EXERCISE PROMPT: A full, word-for-word copy of the listing below is needed; leave the images out of it.

COLLECTED DATA:
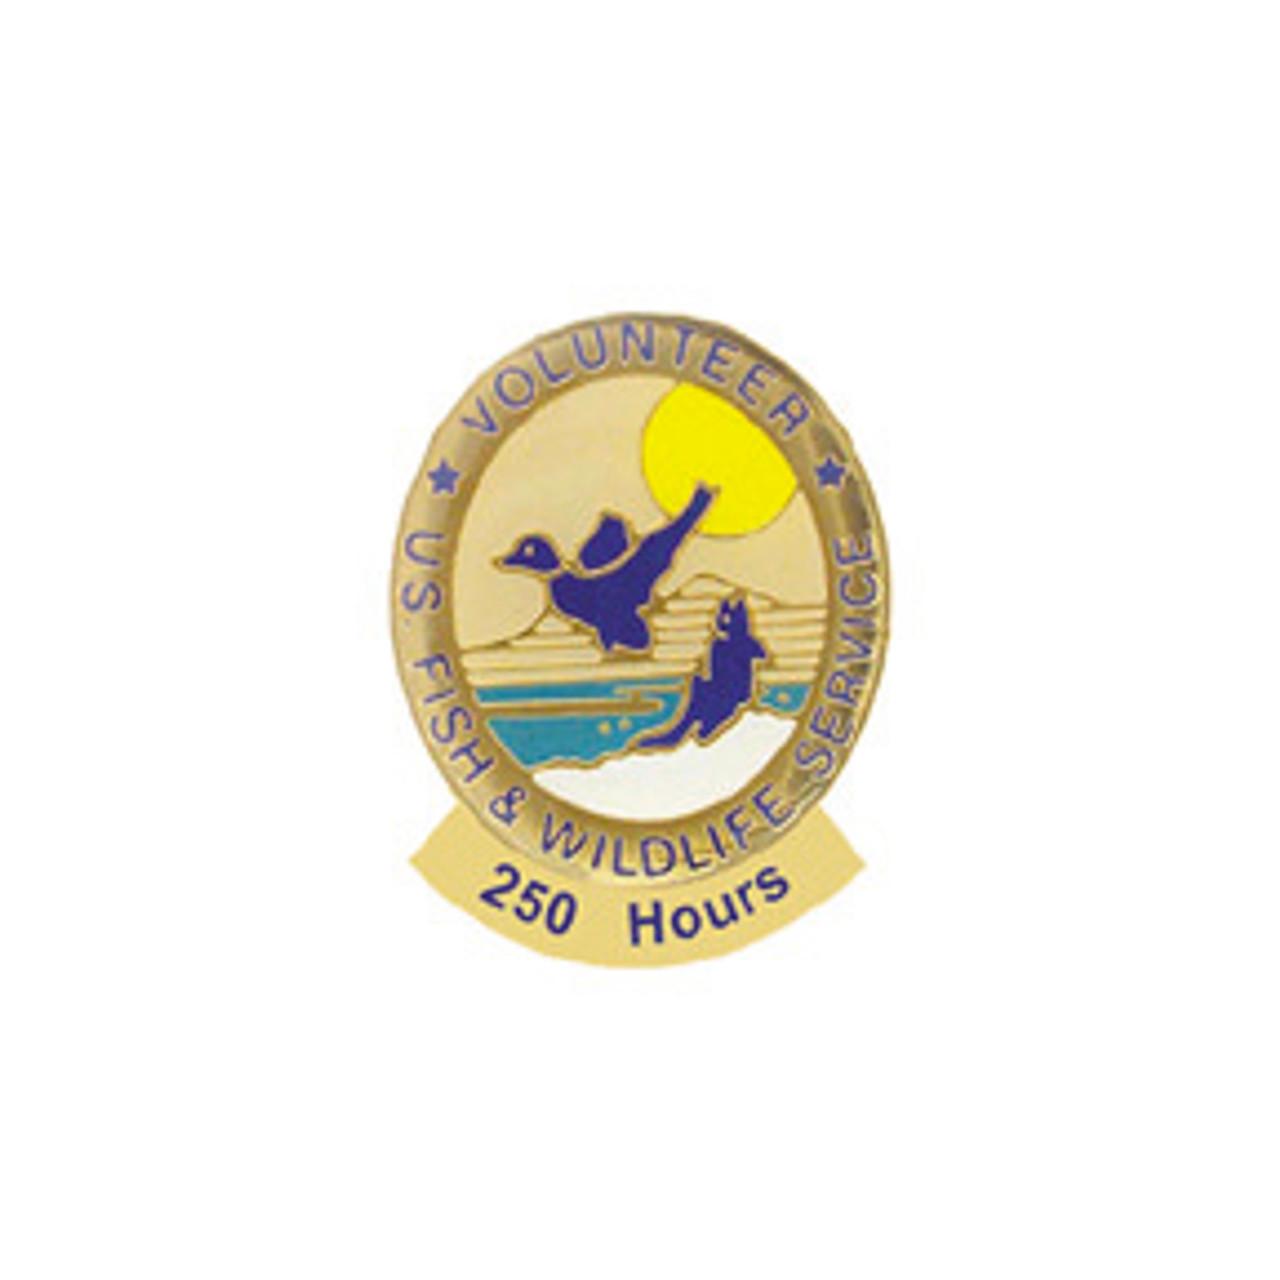 Fish & Wildlife Volunteer Hours Pin (2000 hours)
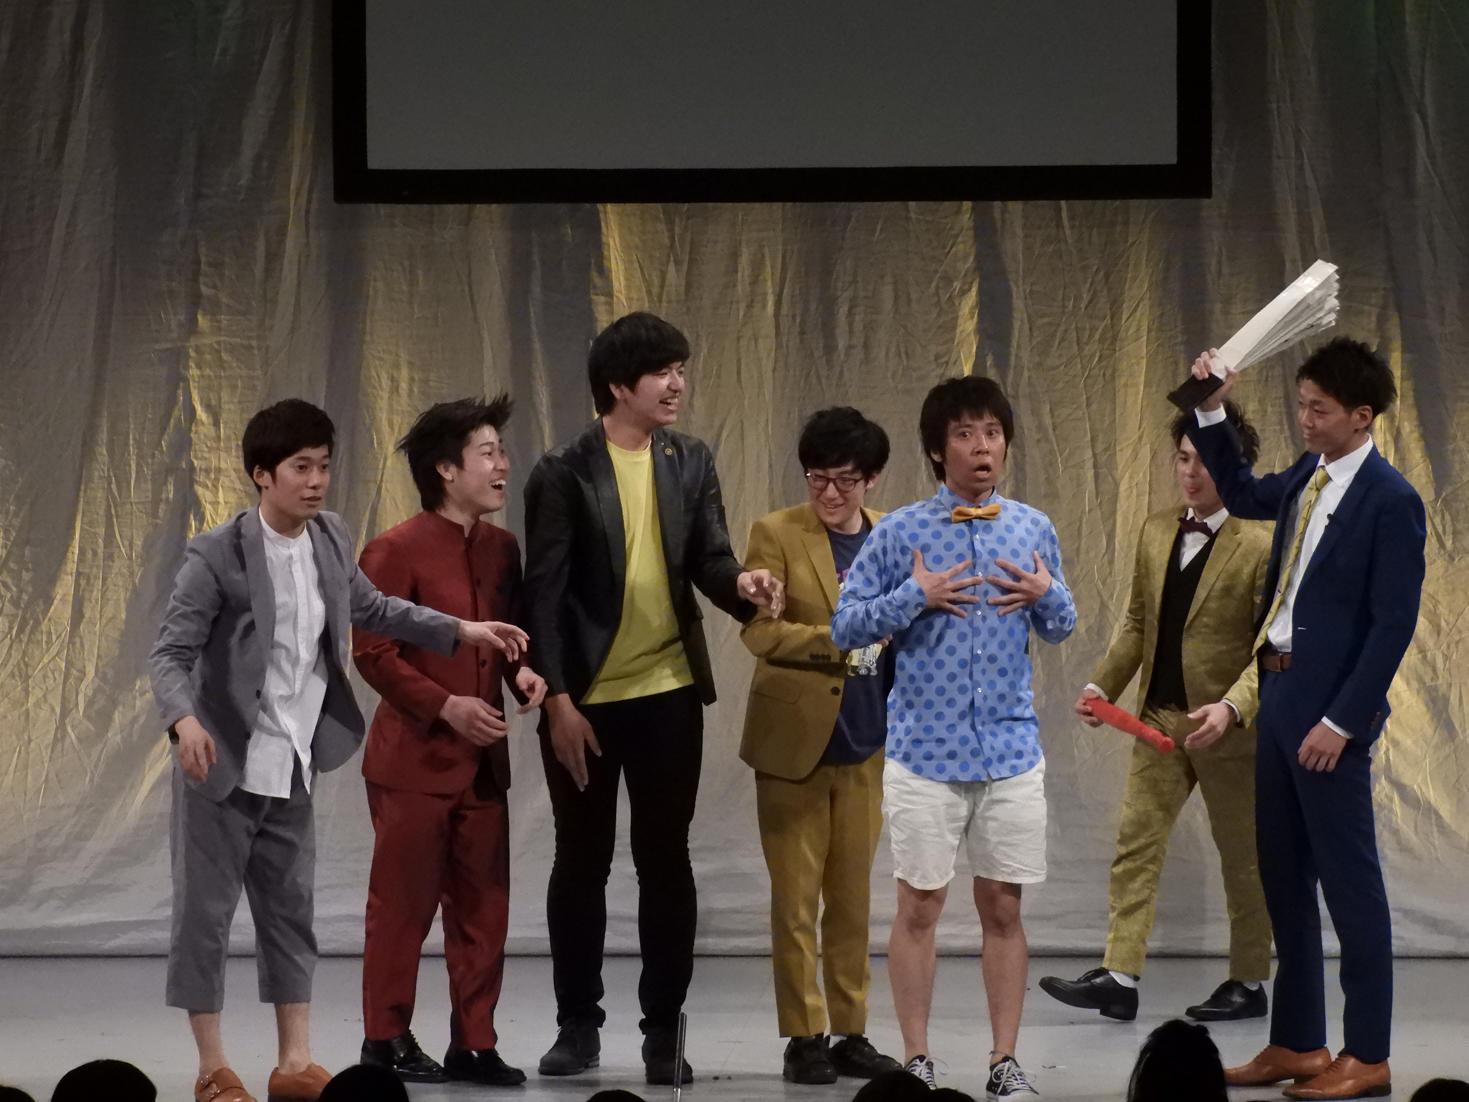 http://news.yoshimoto.co.jp/20180406112426-58f460e5ddbac3ce4cc587ba45eb0fc273ced381.jpg
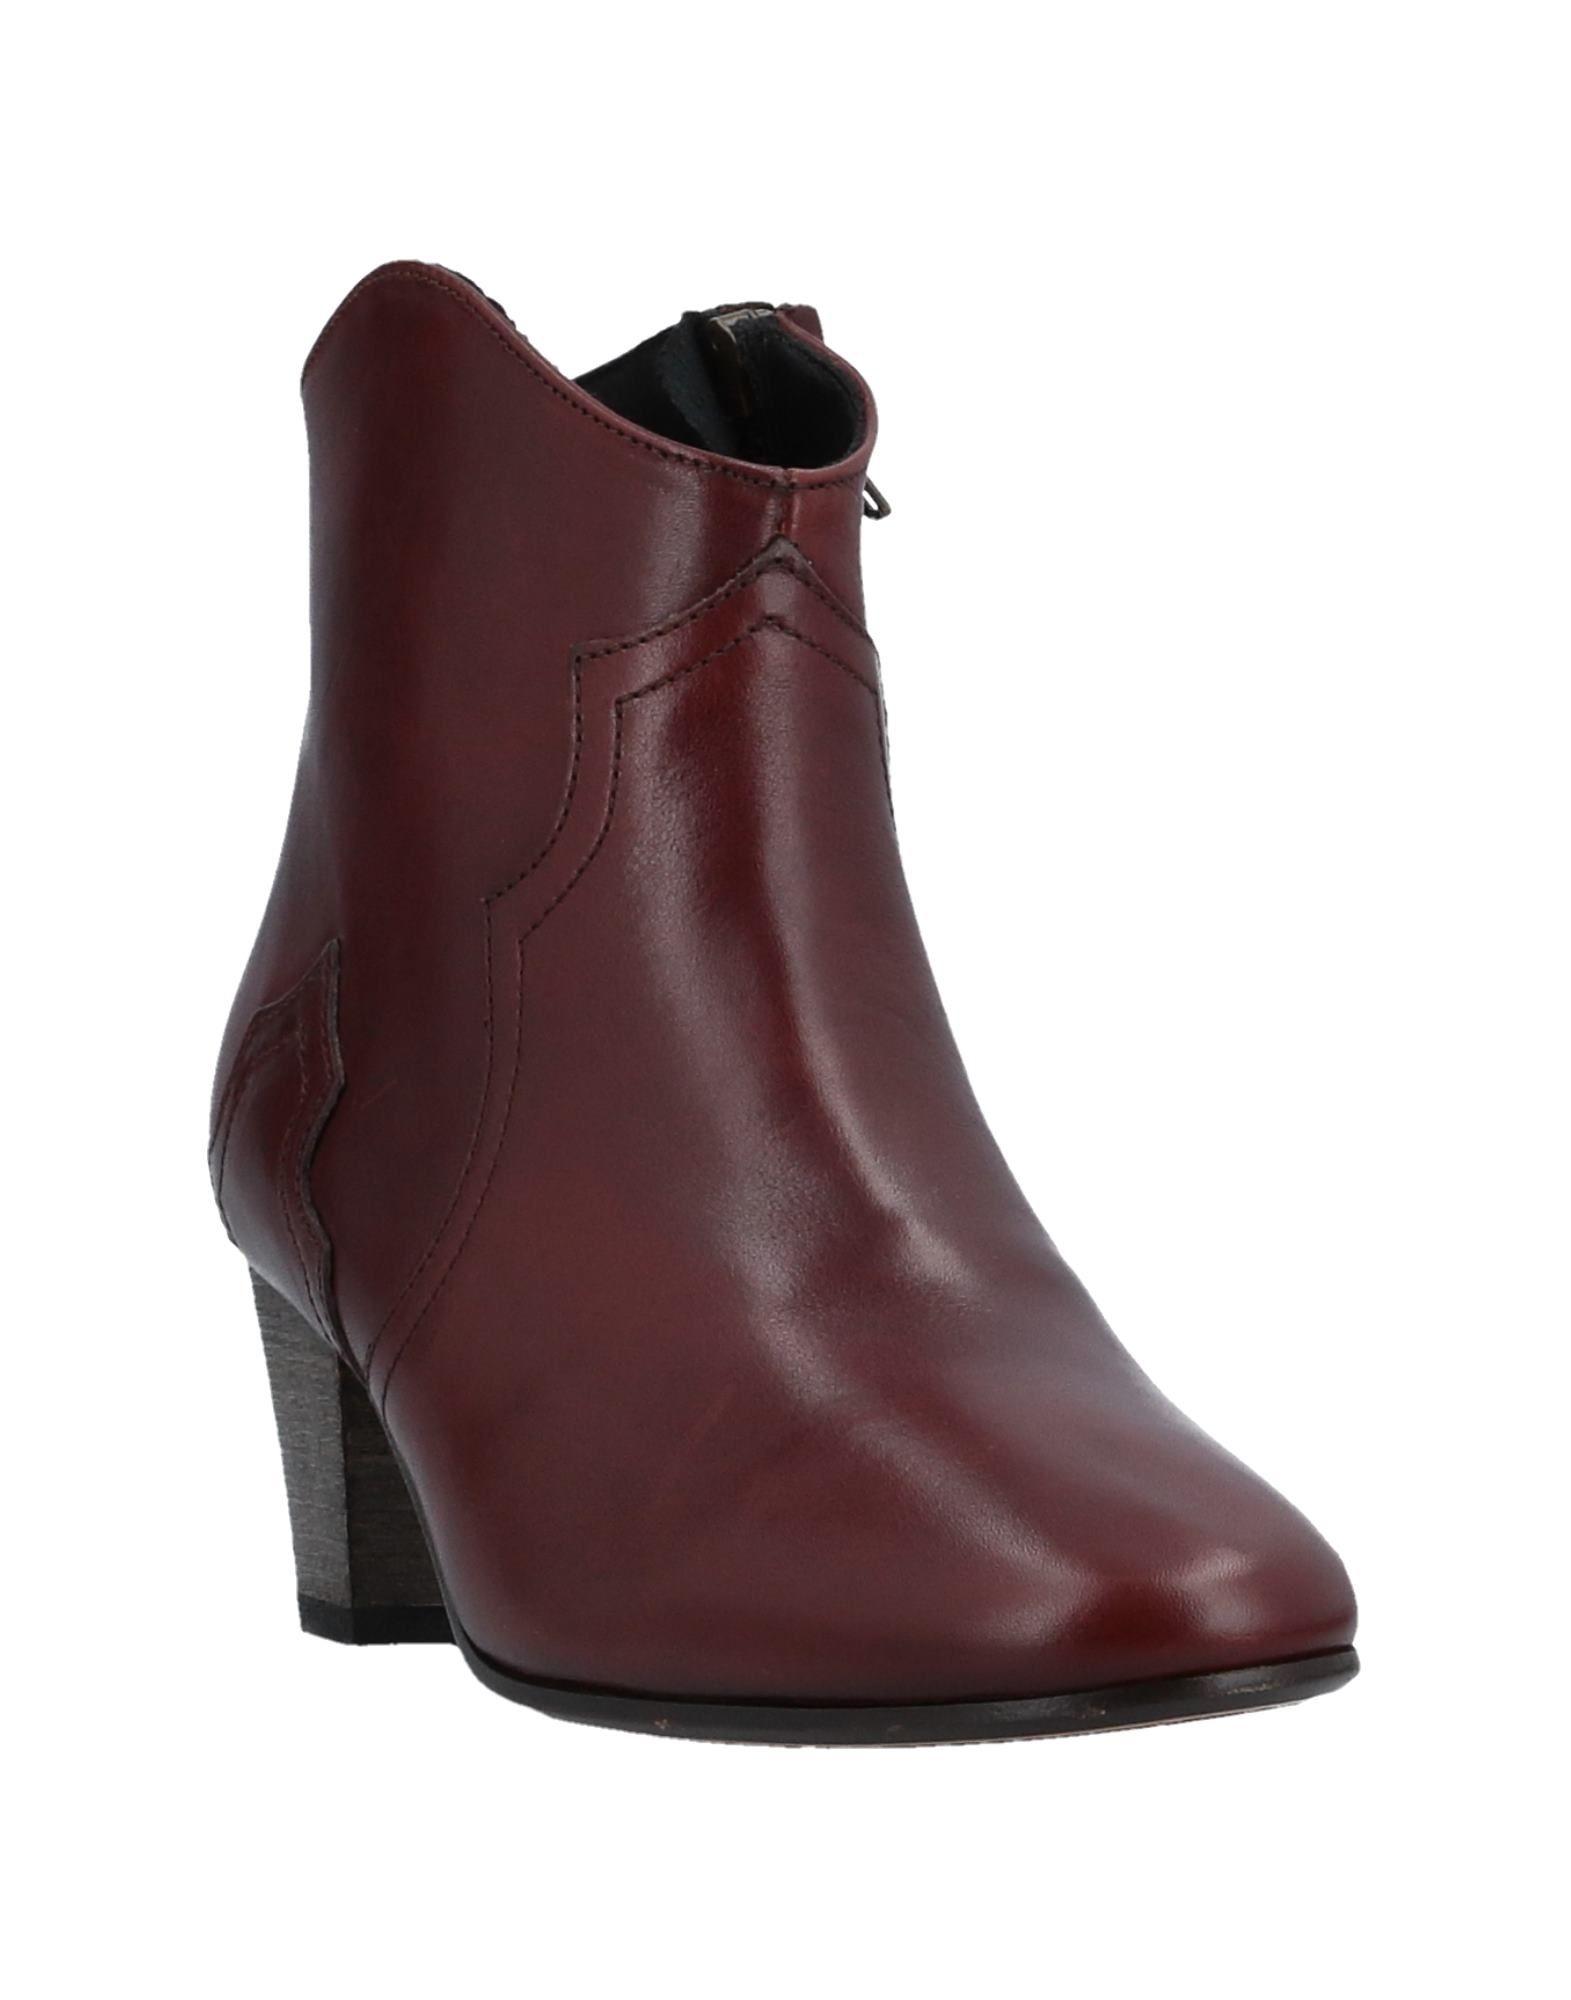 Isabel Marant Stiefelette 11508673KM Damen  11508673KM Stiefelette Neue Schuhe 7ba9b2

RESULT OF THIS TASK:
 Fish & Wildlife Volunteer Hours Pin (2000 hours)
 http://news.yoshimoto.co.jp/20180406112426-58f460e5ddbac3ce4cc587ba45eb0fc273ced381.jpg
 Isabel Marant Stiefelette 11508673KM Damen  11508673KM Stiefelette Neue Schuhe 7ba9b2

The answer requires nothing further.